Bucks This Big Will Make Any Hunter Quiver in Their Camo
|Rack Report Details
|Time of Year:
|November 3, 2016
|Lee County Iowa
There are a lot of deer hunters in America. But there are few who spend as much time in the outdoors as much as Grant Olson of Whitetail Properties. He loves deer hunting. And his hard work and effort was rewarded this season with a giant Iowa buck.
This is the first year the deer had made the shoot list, Olson said. EHD has impacted our farm since 2013, and this is the first year since then we have had mature deer to hunt. We let the deer have a free pass last year, except during youth season [when] we had a youth hunter in. He was getting ready to kill this buck and he winded him. We [found] his sheds in March of this year. I had seen this deer in the same hay field seven days prior. I [received] pictures of this buck from June until November 2, the day before I harvested him. It has been neat to watch him mature.

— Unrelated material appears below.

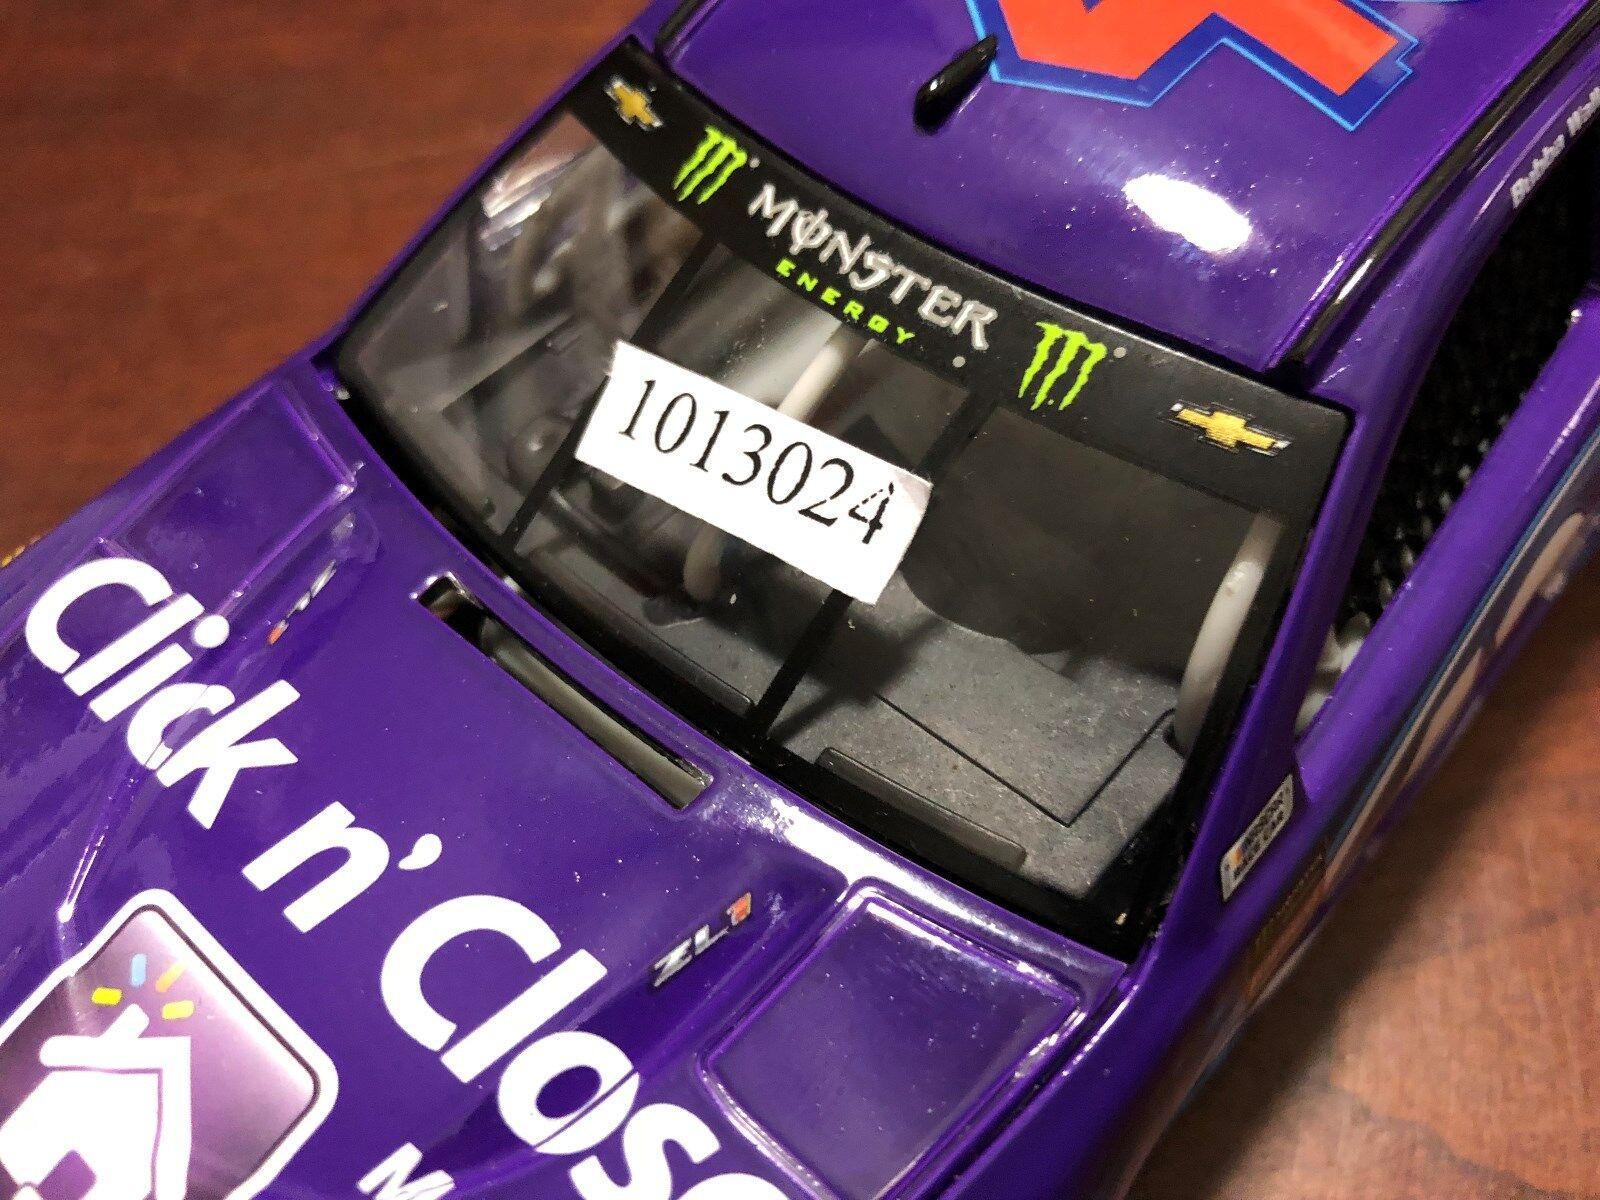 2018 Bubba Darrell Wallace Jr Click N cerca 1st projootipo novato coche Daytona 500
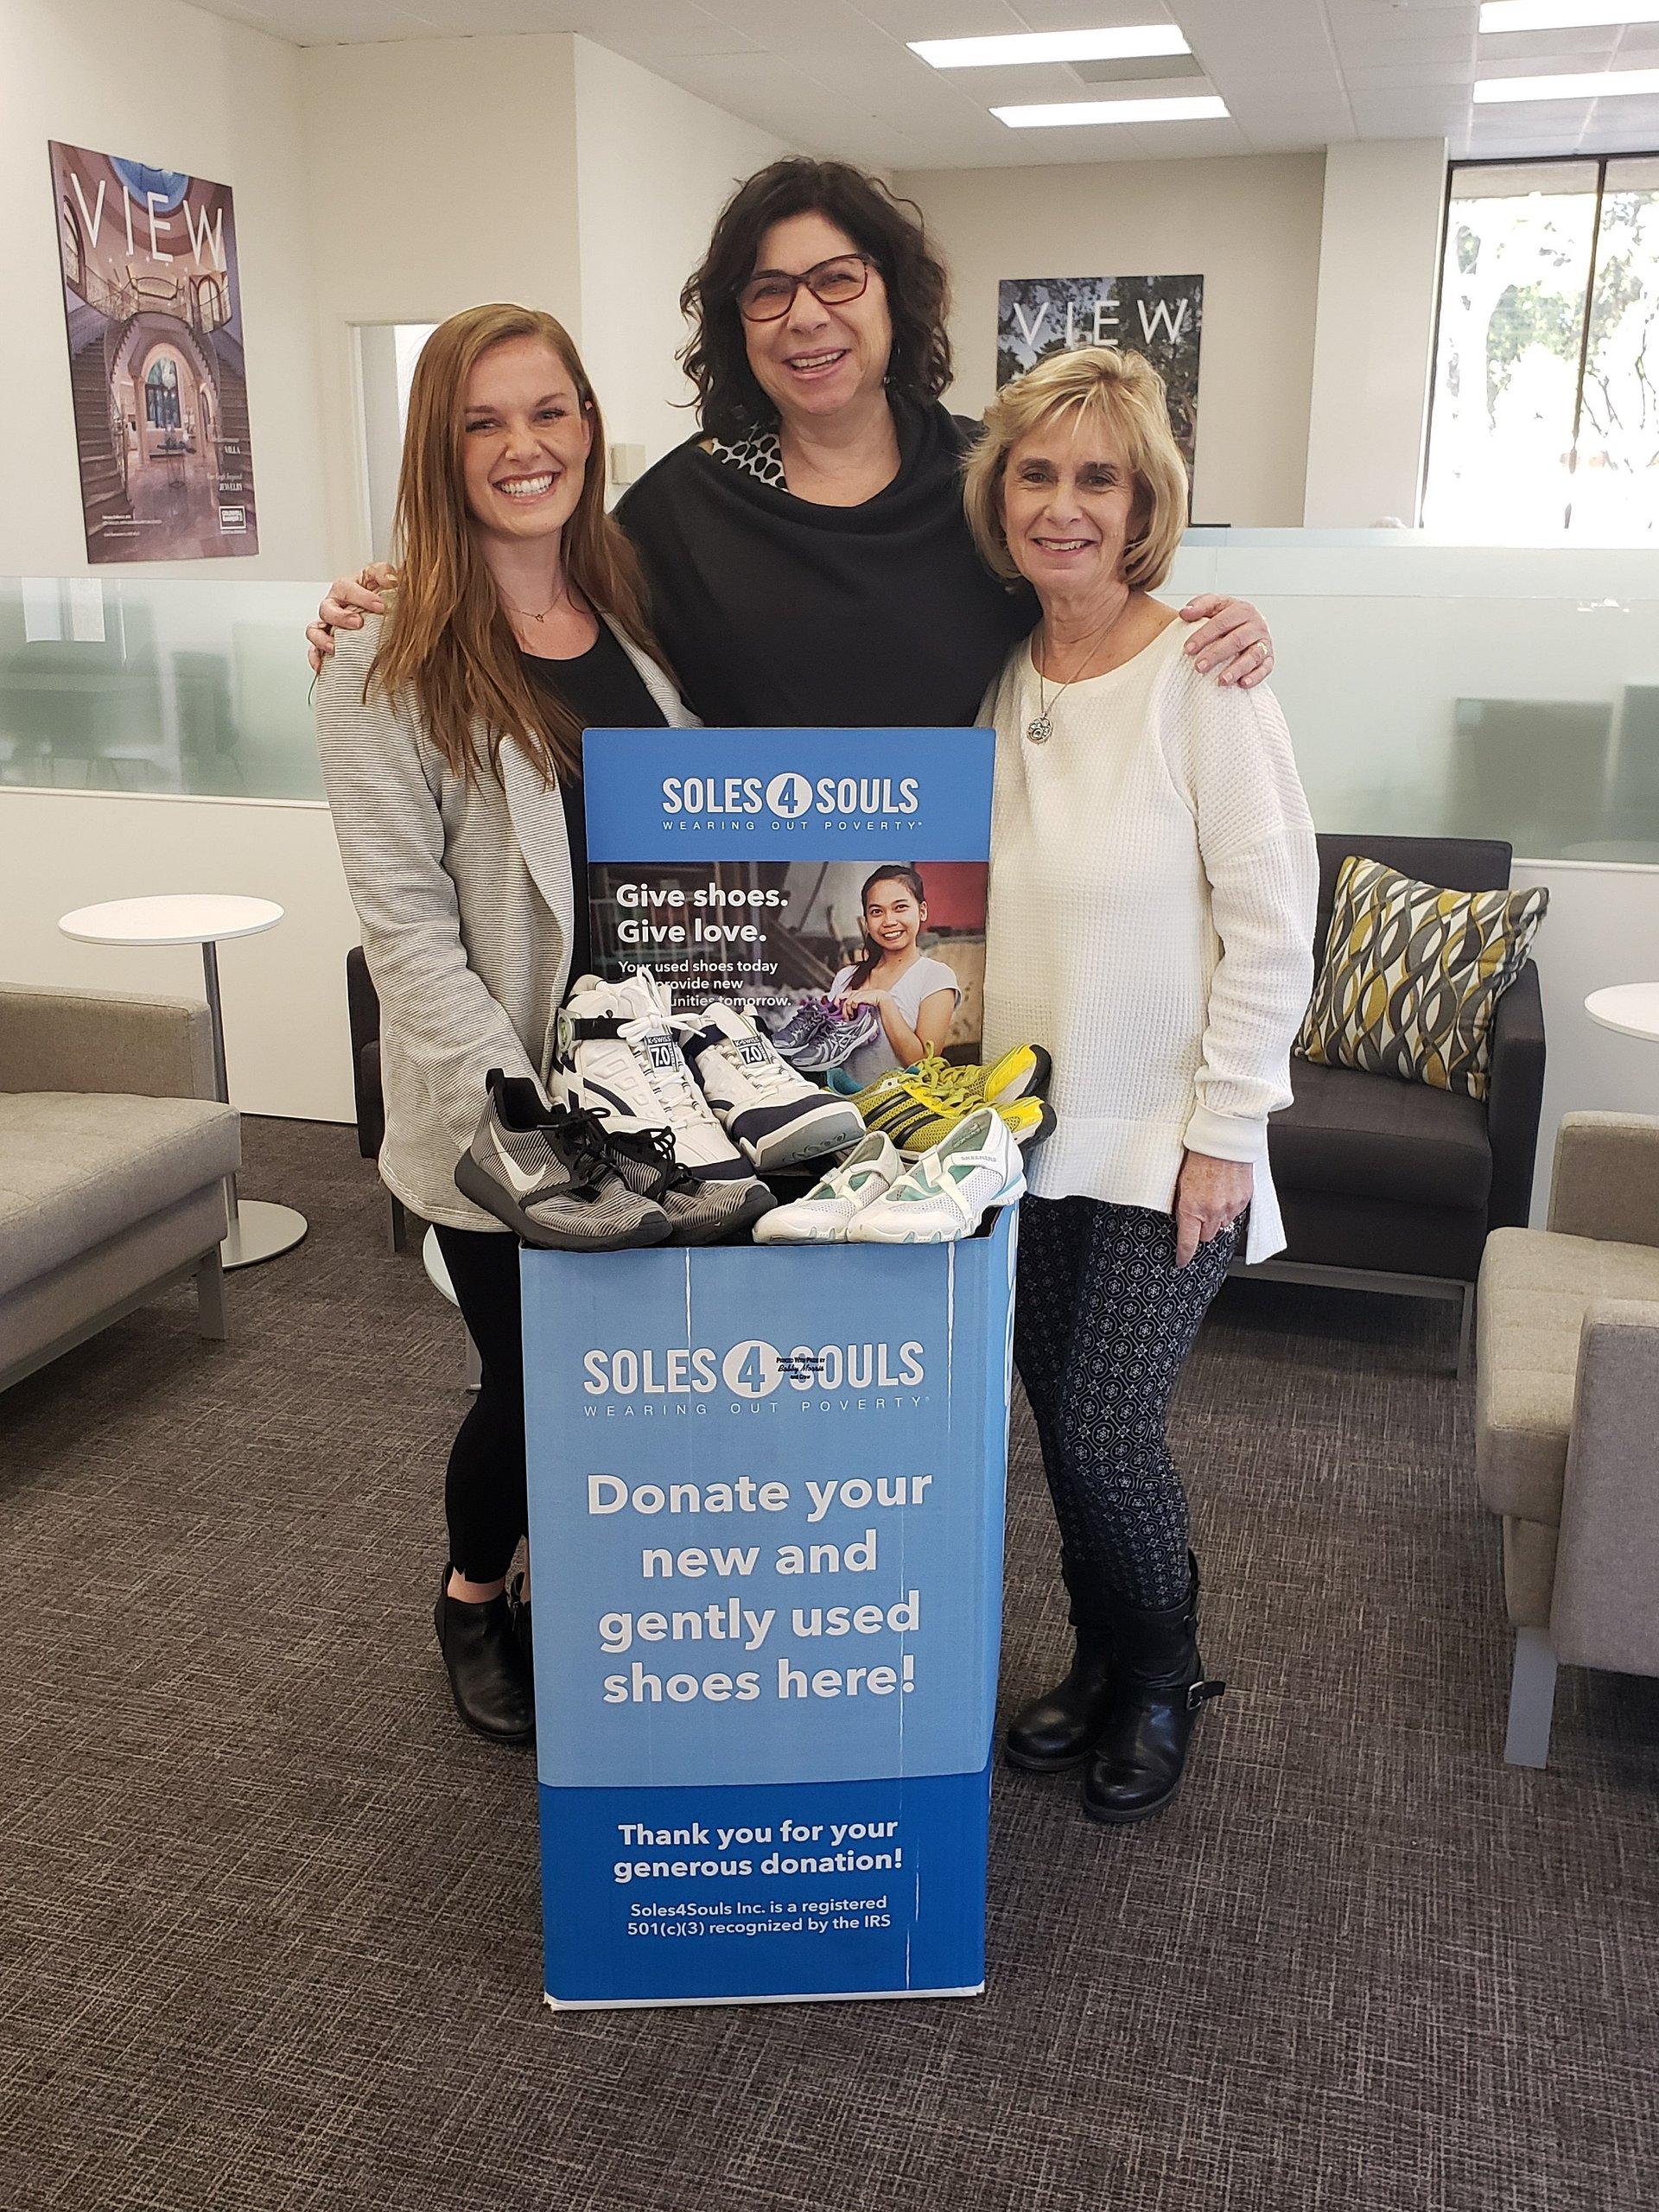 Coldwell Banker's Cathy & Michelle Gerrard Host Shop & Drop Shoe Donation Event for Soles4Souls at Westlake Shoes, Jan. 25

I'm sure it was. It's always intriguing to watch as deer age from one year to the next and how their antlers change each season. It's all part of the stewardship process.
The deer has a 12½-inch G2 on his right side, which is something you see from a long way away, Olson said. He also has a common base point G3 on the deer's left side. That point can get hidden depending on the angle you have. We actually thought this deer was a different deer most of the summer because of the common base point, until that deer showed up in early October. This deer owned the west side of our farm, and was not afraid to show anyone who challenged him.
Dominant as he was, it proved no match for Olson on the day of the hunt. Pressure was rising behind a low pressure system. Rain had just stopped during the early, pre-dawn hours. Low clouds became visible as daylight broke. The wind was about 5 to 10 MPH out of the northwest. And Olson had a great setup. The conditions were stacked against the big buck.
The stand [was] in a large white oak tree, next to a pinched-down hay field, Olson said. There is a large cedar thicket on the other side of the hay field pinch. The wind was NNW, and I expected deer movement any direction north of me. The entrance to the stand [was] quiet around a tall CRP field, [and] the wind [was] in my face.
The shot was what you hope [for], Olson said. [It was] 20 yards completely broadside in a wide-open shooting lane. The shot placement was a double-lung shot. The blood trail was strong. The deer ran 50 yards and expired within sight of my stand. This [was] one of those rare times that [I went] into a set expecting to see that deer and harvested him.